Hemostatic disorders associated with chronic renal failure (CRF) include hemorrhagic and/or thrombotic manifestations, which were ascribed, in part, to uremic platelet dysfunction including abnormalities of expression of platelet glycoprotein receptors. There is, however, still no general agreement on the exact characterization of these platelet abnormalities. This study aims at characterizing the platelet glycoprotein abnormalities associated with CRF, by recording the effect of the three renal replacement therapies, hemodialysis (HD), chronic ambulatory peritoneal dialysis (CAPD), and renal transplantation, on these receptors. The study, which was mainly cross-sectional, included two groups: (i) Patient groups (n = 50): HD patients (n = 20), CAPD patients (n = 10) and successful renal transplant patients (n = 20); (ii) Healthy Controls (n = 34): 23 were men and 11 were women who were age- and sex-matched with the patients. Flow cytometric quantitation of CD41, CD42a, CD42b and CD61 was carried out using a Becton-Dickinson FACScan. The expression of CD41 levels showed a highly significant increase in HD and CAPD patients when compared with the normal control levels. However, levels in transplant patients were comparable to the normal control levels. On the other hand, the expression of CD42a, CD42b, and CD61 showed no significant change in HD and CAPD patients when compared with normal control levels, but there was a significant decrease in transplant patients when compared to the normal control levels. In conclusion, there was evidence of increased expression of one glycoprotein receptor (GpIIb-IIIa) pre-dialysis whether HD or CAPD. In transplant patients, no evidence of platelet activation could be demonstrated.

摘要

与慢性肾衰竭(CRF)相关的止血障碍包括出血和/或血栓形成表现,部分原因是尿毒症血小板功能障碍,包括血小板糖蛋白受体表达异常。
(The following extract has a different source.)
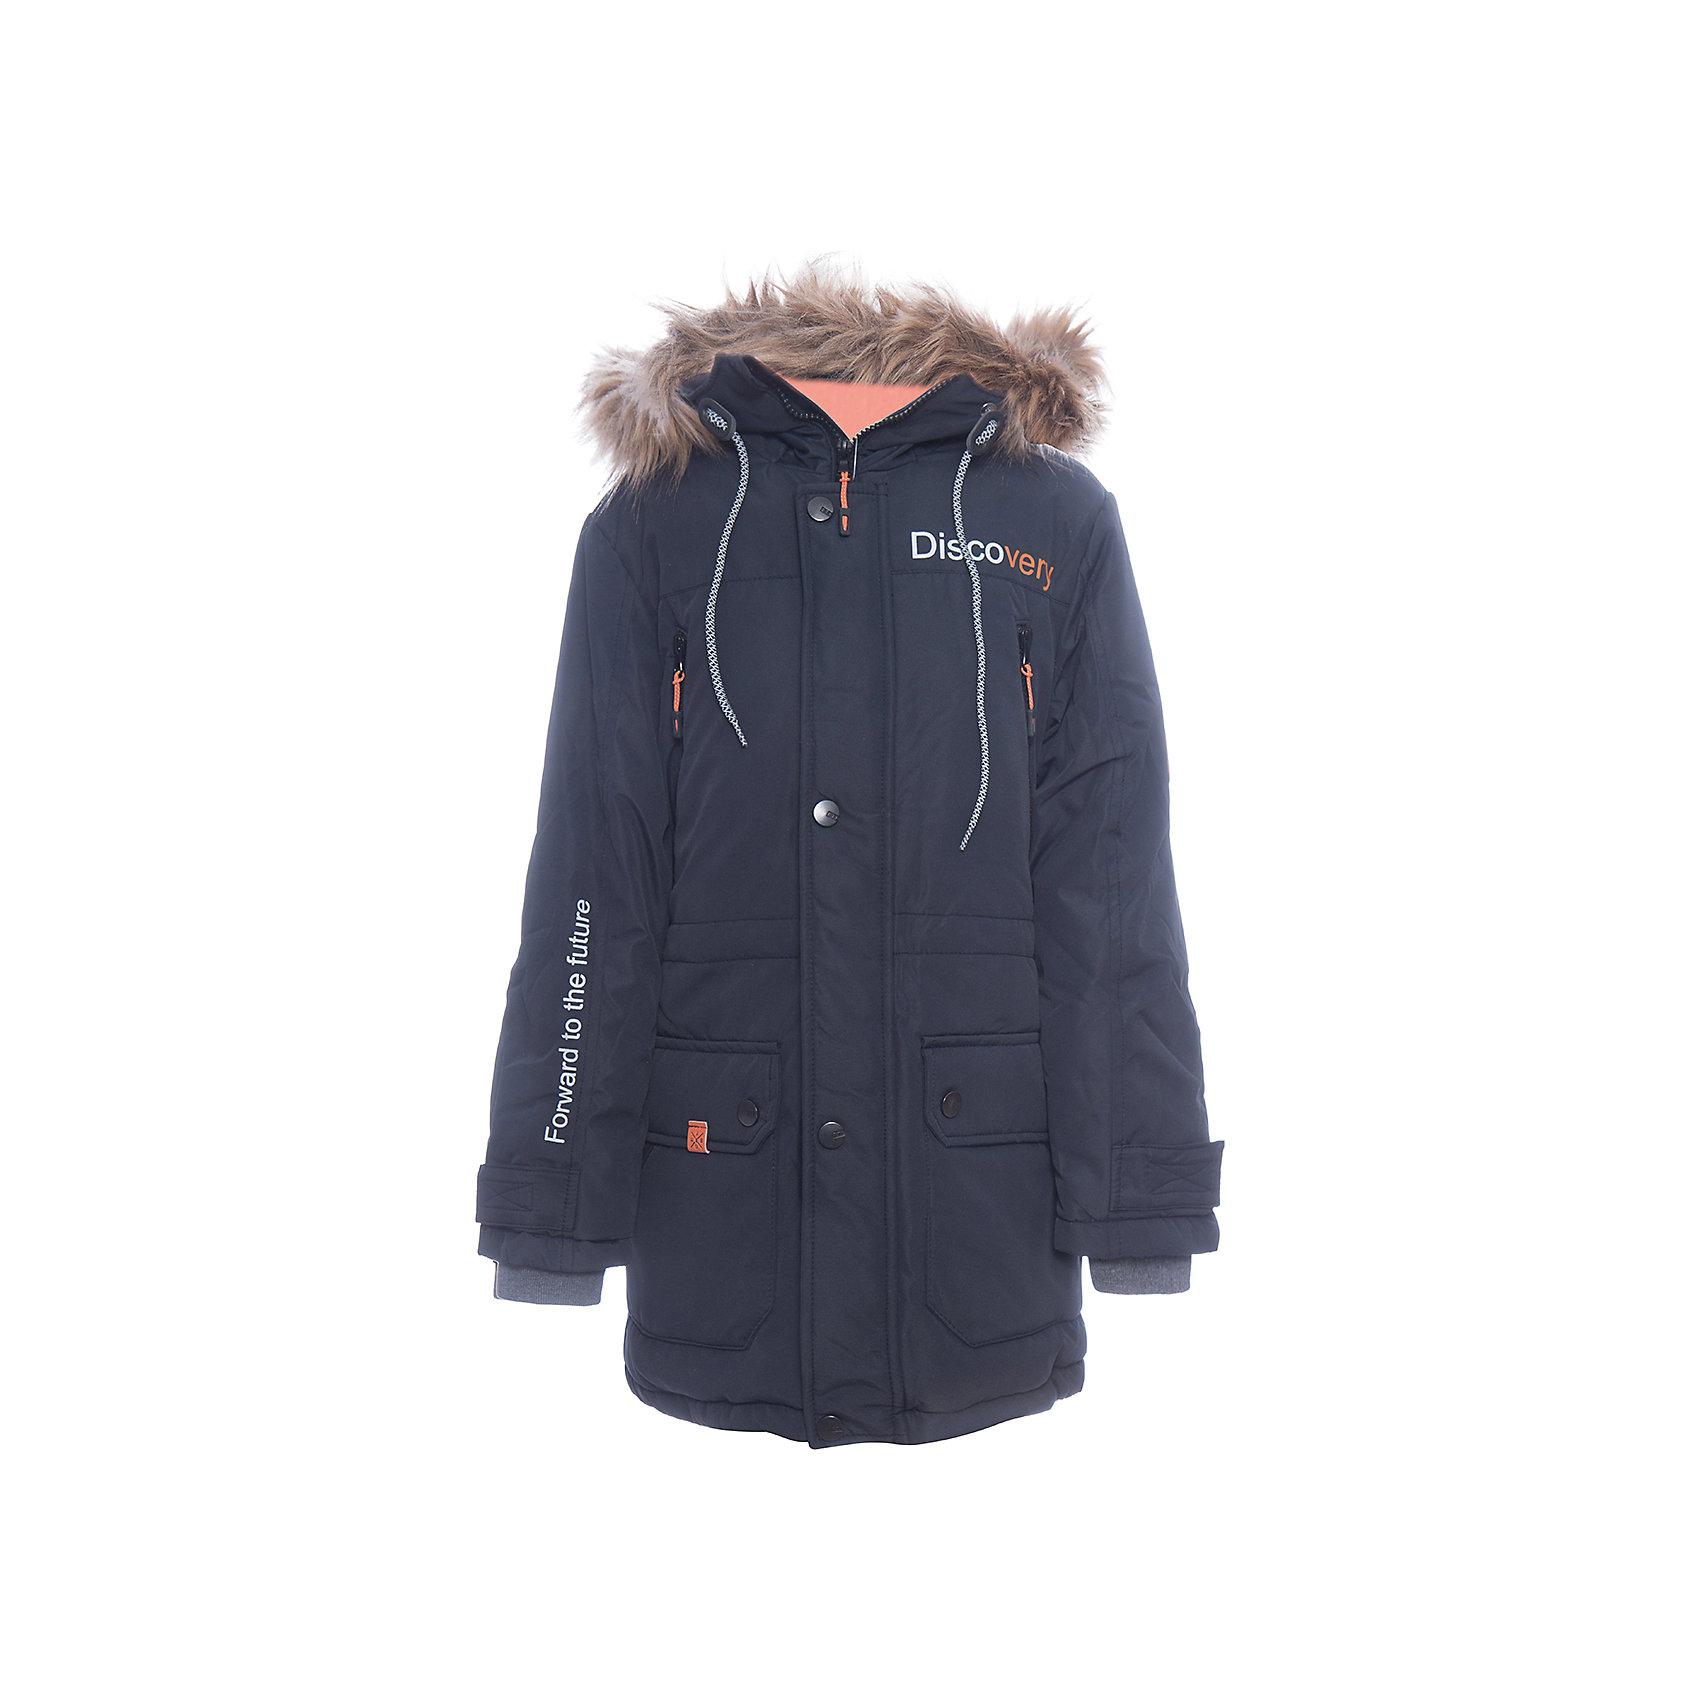 Куртка Томас Batik для мальчикаВерхняя одежда<br>Характеристики товара:<br><br>• цвет: синий<br>• состав ткани: таслан<br>• подкладка: поларфлис<br>• утеплитель: слайтекс<br>• сезон: зима<br>• мембранное покрытие<br>• температурный режим: от -35 до 0<br>• водонепроницаемость: 5000 мм <br>• паропроницаемость: 5000 г/м2<br>• плотность утеплителя: 300 г/м2<br>• застежка: молния<br>• капюшон: с мехом, съемный<br>• страна бренда: Россия<br>• страна изготовитель: Россия<br><br>Синяя куртка для мальчика благодаря высокотехнологичному покрытию подходит для ношения в сильные морозы. Детская куртка от бренда Batik отличается удобным капюшоном и карманами. Мембранная зимняя куртка стильная и теплая. Прочное покрытие детской куртки не задерживает воздух, но защищает от влаги, ветра и холода. <br><br>Куртку Томас Batik (Батик) для мальчика можно купить в нашем интернет-магазине.<br><br>Ширина мм: 356<br>Глубина мм: 10<br>Высота мм: 245<br>Вес г: 519<br>Цвет: синий<br>Возраст от месяцев: 156<br>Возраст до месяцев: 168<br>Пол: Мужской<br>Возраст: Детский<br>Размер: 164,134,140,146,152,158<br>SKU: 7028455

然而,对于这些血小板异常的确切特征仍未达成普遍共识。本研究旨在通过记录三种肾脏替代疗法,即血液透析(HD)、持续性非卧床腹膜透析(CAPD)和肾移植,对这些受体的影响,来表征与CRF相关的血小板糖蛋白异常。该研究主要为横断面研究,包括两组:(i)患者组(n = 50):HD患者(n = 20)、CAPD患者(n = 10)和成功肾移植患者(n = 20);(ii)健康对照组(n = 34):23名男性和11名女性,年龄和性别与患者匹配。使用Becton-Dickinson FACScan对CD41、CD42a、CD42b和CD61进行流式细胞术定量分析。与正常对照水平相比,HD和CAPD患者的CD41水平表达显著升高。然而,移植患者的水平与正常对照水平相当。另一方面,与正常对照水平相比,HD和CAPD患者的CD42a、CD42b和CD61表达无显著变化,但与正常对照水平相比,移植患者的表达显著降低。总之,有证据表明无论HD还是CAPD,透析前一种糖蛋白受体(GpIIb-IIIa)的表达增加。在移植患者中,未发现血小板活化的证据。